We press on past Kew and the pub on the crossroads. There's another excellent, but regrettably short, motorcycle road I enjoy. Halfway to the Oxley Highway interchange, we turn left on to the Bago road, which takes us through about 15km of sweeping curves before we emerge in the heart of Wauchope – right at the Hastings Hotel, when I get a bed for $30.

Next morning, think of checking out Timbertown, a recreation of a sawmilling town of a century ago, but the Oxley Highway – the sine qua non, the essential purpose, of our journey – beckons, and we cannot resist.

It's 176km from Wauchope to Walcha, and for about half that distance it winds in one tight curve after another as it climbs up and around Mt Seaview. It's the sort of road motorcyclists dream about.

But I also take time to think of John Oxley and his party, struggling down these ranges in 1818. They had gone down the Macquarie River from Bathurst to the Marshes, backtracked a bit, then struck out east for the coast, passing through the location of present-day Tamworth.

One marvels at Oxley's journey through these rugged ranges covered in high timber. Even when his party reached the site of present-day Port Macquarie, they faced an arduous journey down the coast to Port Stephens.

About halfway between Wauchope and Walcha, Gingers Creek comes up, a cafe on a small farm in a clearing in the timber. It's a good place to spend an hour or so on a sunny deck reading the morning papers and ordering more coffee.

About 20km before Walcha are the Apsley Falls, named by Oxley, where the river drops into a spectacular gorge.

Walcha is a little depressing. Probably the drought has hit the town with pastoralists cutting their spending, although the country nearby is now looking good.

Big decision – should we turn south on to Thunderbolt's Way to Gloucester. That means more than 100km of boring road across the plains, before the wonderful scenery of the Manning valley.

Instead, stay with the Oxley Highway, and pull in at Walcha Road. Tradesmen are rebuilding the old pub after a fire, and the bar operates in an old railway carriage. Out of sight up the hill is a restored, classic railway station.

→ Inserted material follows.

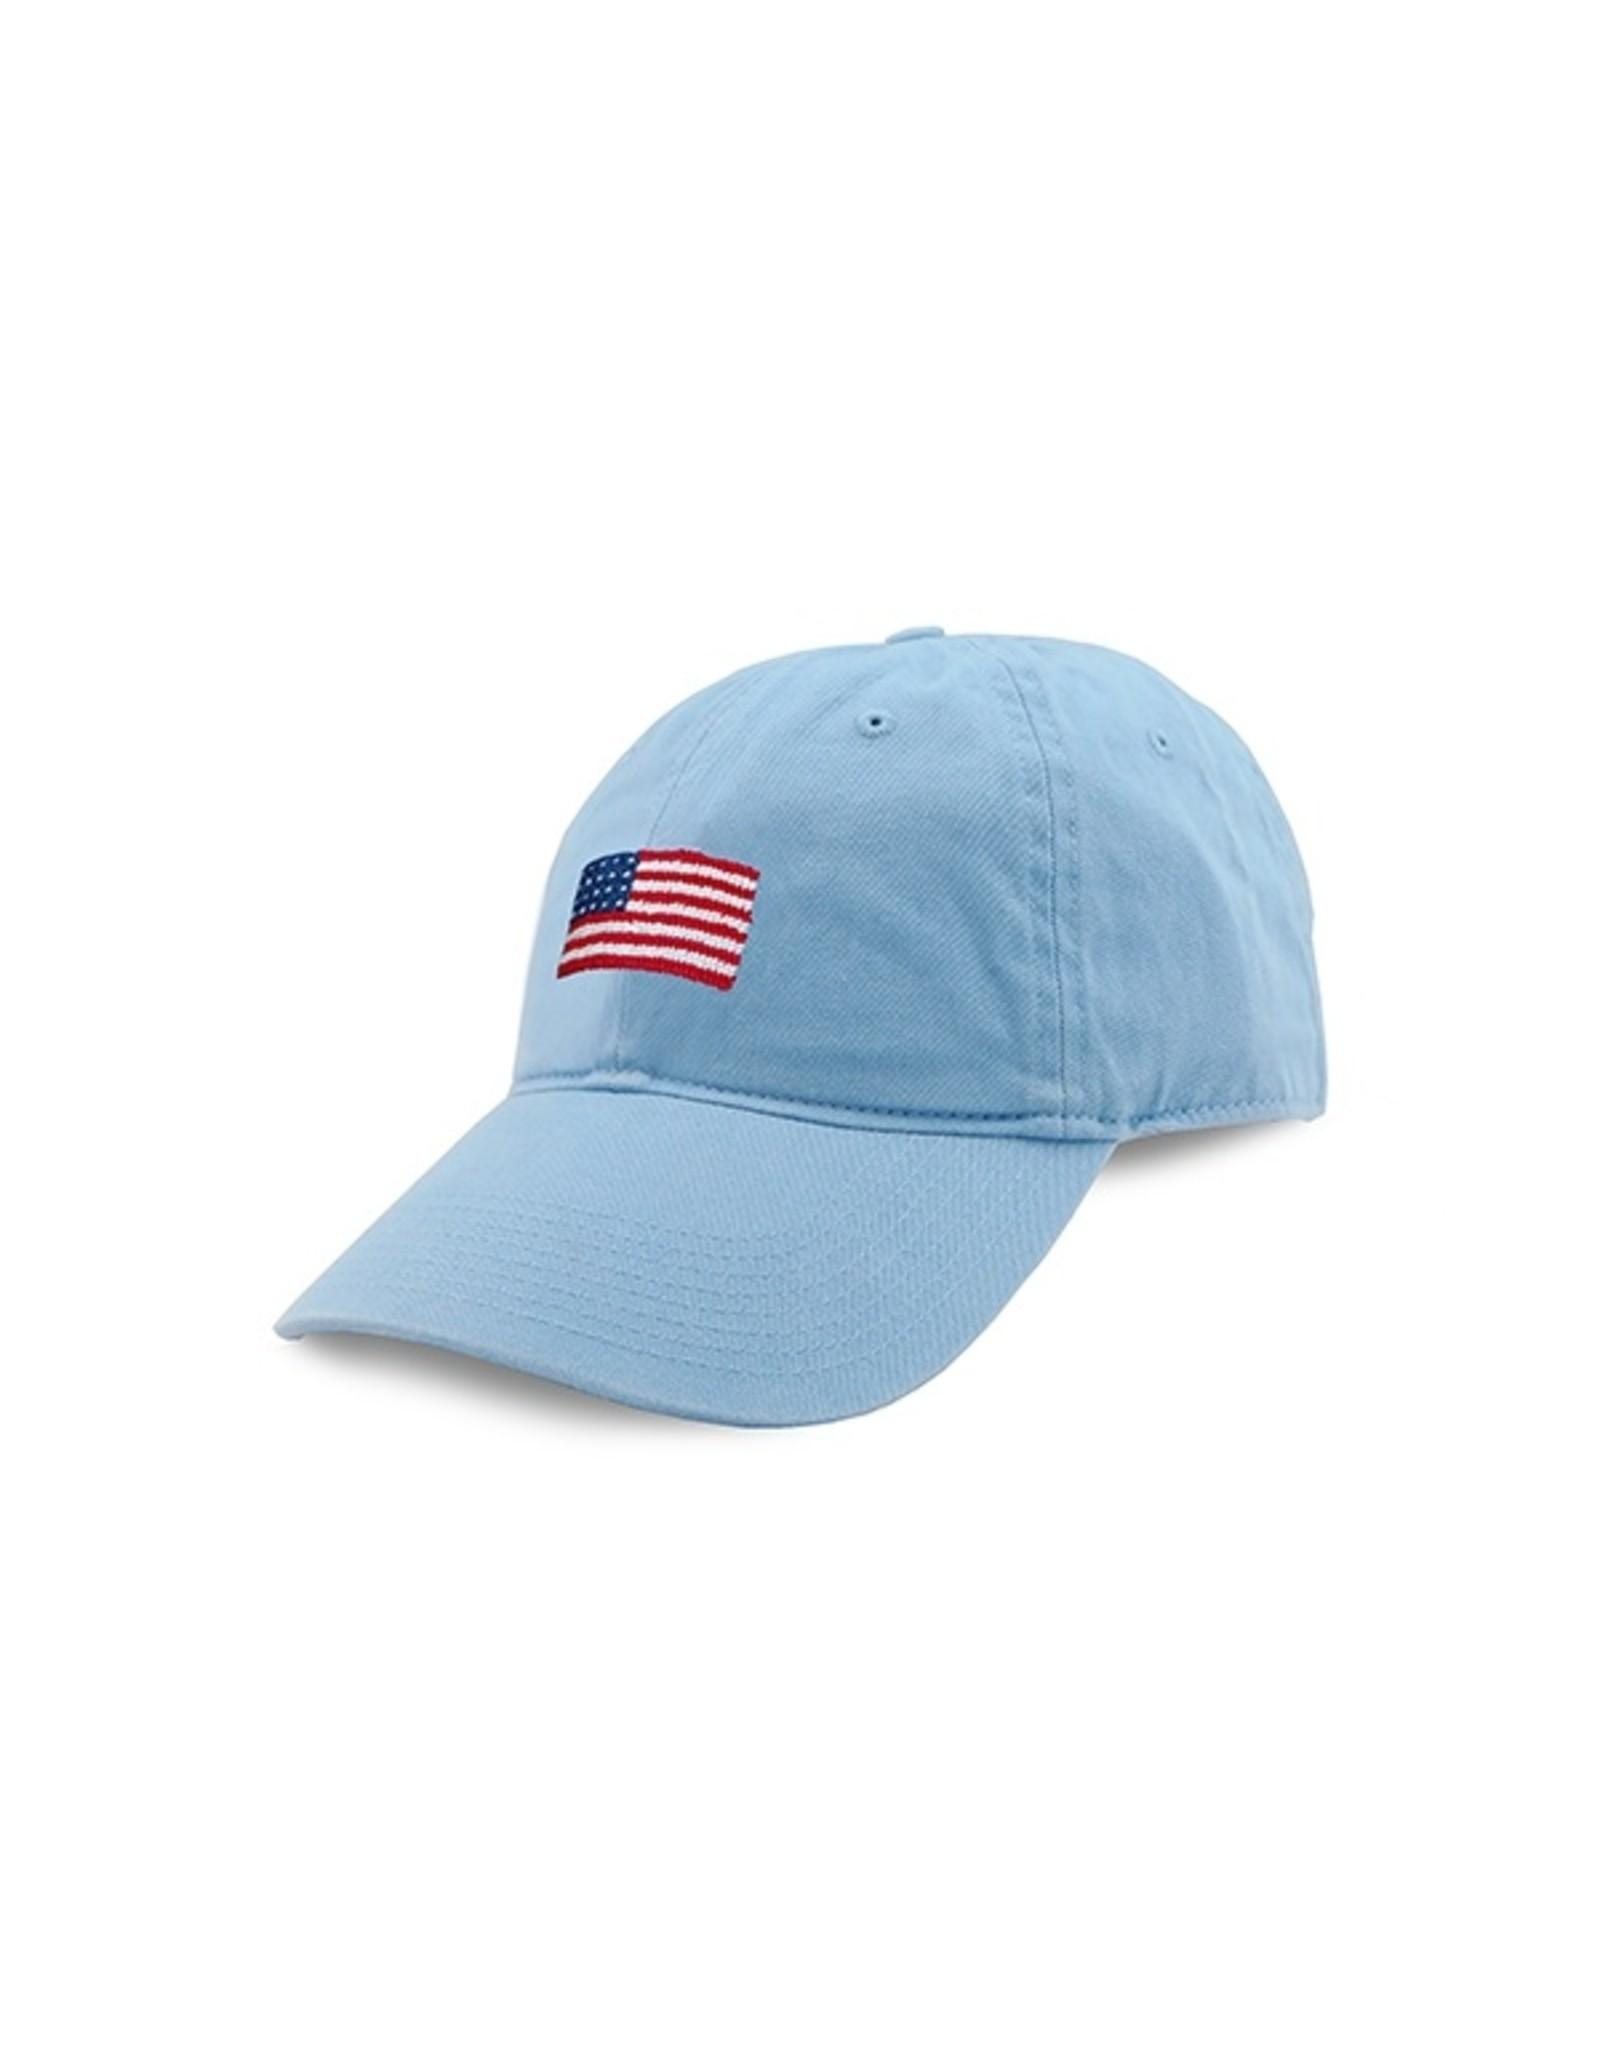 Smathers & Branson S&B Needlepoint Ball Hat, American Flag (Sky Blue)

A nervous time as I get to Bendemeer and find nowhere to buy petrol, but the bike coasts down the long, steep Moonbi hills and into a service station.

It's getting late, so I pass the Tamworth motorcycle museum and ride straight through Tamworth – it's that sort of place – and south over the Liverpool Ranges. From then on it should be straightforward, but Murrurundi is booked out for the King of the Ranges riding events, while the next town is almost the same with the Scone Horse Festival.

Bikers don't need luxury rooms, but I need a bed and take one of the last motel rooms for $75. Next time I'll check NSW Tourism's events calendar to avoid clashing with festivals or shows.

Next day, the bike eats up the kays to get me home with all the cobwebs blown away. It's a great feeling, and I won't leave it as long next time.

Meanwhile, I'll get back to some research and bring you articles about Kylie Tennant and John Oxley. Promise.

The Tamworth and the Nabiac motorcycle museums have interesting websites. On the trip I took Kylie Tennant's autobiography, The Missing Heir, and her The Man on the Headland. On Oxley, I took Richard Johnson's excellent biography, The Search for the Inland Sea.